■勢いで持っていく後半は面白いが、リアリティの往復ビンタで疲れてしまいます
Contents
■オススメ度
料理が人間関係に寄与する映画が好きな人(★★★)
フランス移民問題に興味がある人(★★★)
■公式予告編
鑑賞日:2023.5.11(アップリンク京都)
■映画情報
原題:La Brigade(レストランで働く役割分担が決められたチームのこと)、英題:The Kictchen Brigade
情報:2022年、フランス、97分、G
ジャンル:高級レストランのシェフが施設で働く中で変化する様子を描いたヒューマンドラマ
監督:ルイ=ジュリアン・プティ
脚本:ルイ=ジュリアン・プティ&リザ・ベンギーギ=デュケンヌ&ソフィー・ベンサドゥン&トマ・プジョル
キャスト:
オドレイ・ラミー/Audrey Lamy(カティ・マリー/Cathy Marie:人付き合いが苦手なシェフ、モデルはカトリーヌ・グロージャン/Catherine Grosjean)

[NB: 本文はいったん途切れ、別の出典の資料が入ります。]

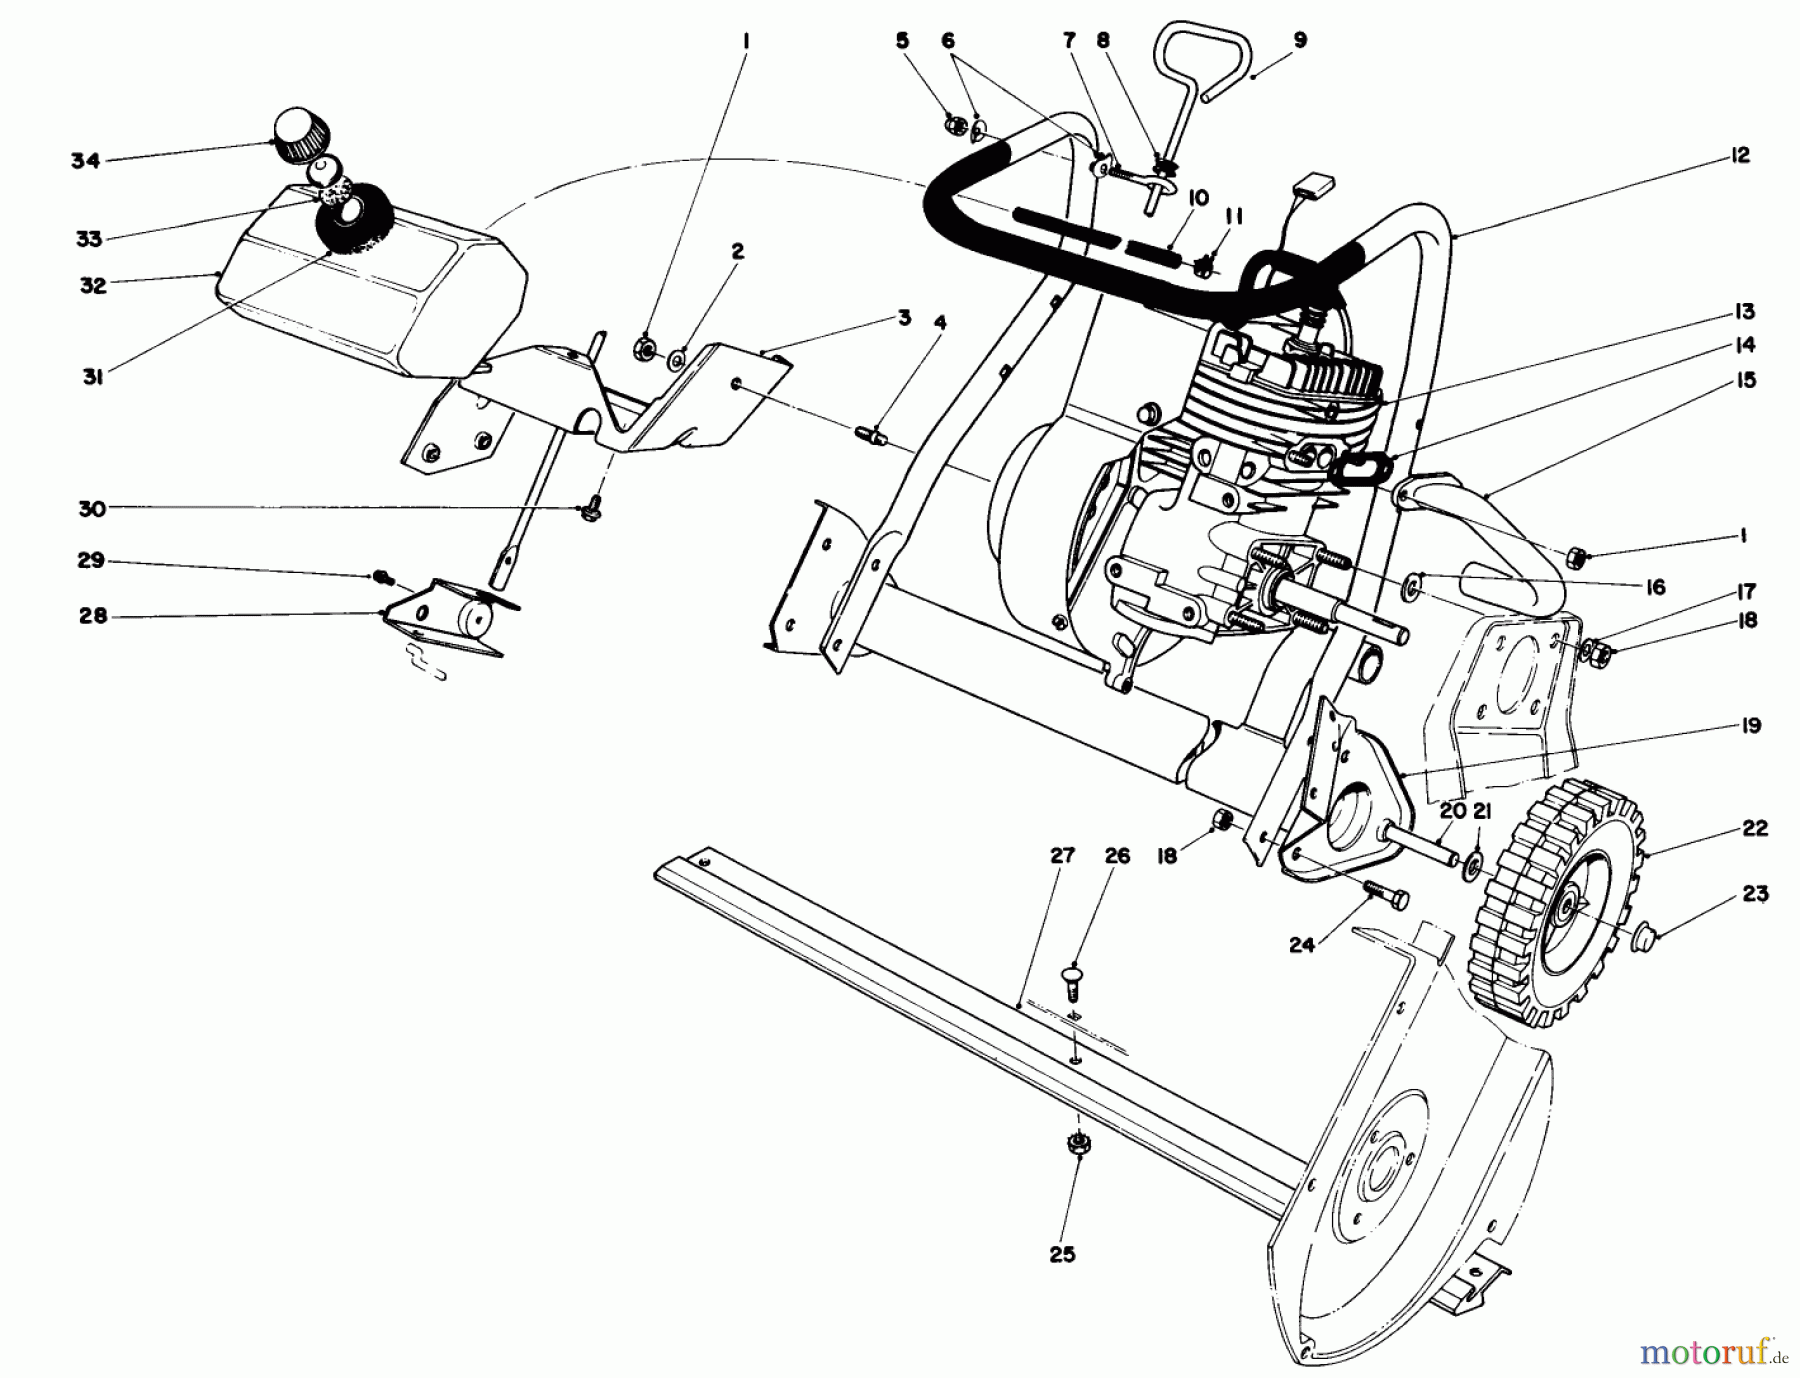  Toro Neu Snow Blowers/Snow Throwers Seite 1 38120 (S-200) - Toro S-200 Snowthrower, 1984 (4000001-4999999) ENGINE ASSEMBLY

フランソワ・クリュゼ/François Cluzet(ロレンゾ・カルディ:施設長)
シャンタル・ヌービル/Chantal Neuwirth(サビーヌ:施設の職員)
Antoine Gourlier(アントニー:施設の職員、ドライバー)
ファトゥ・キャバ/Fatou mata Kaba(ファトゥ:女優志望のカティの親友)
ヤニック・カロンボ/Yannick Kalombo(ギュスギュス:夢はシェフの少年)
アマドゥ・バー/Amadou Bah(ママドゥ・バー:母と仲良しの青年)
ママドゥ・コイタ/Mamadou Koita(ジブリル:夢はサッカー選手の青年)
アルファ・バリー/Alpha Barry(アルファ・バリー:赤いバンダナのコートジボワール出身の青年)
ヤダフ・アウェル/Yadaf Awel(ヤダフ・アウェル:エチオピアから来た優秀な元学生)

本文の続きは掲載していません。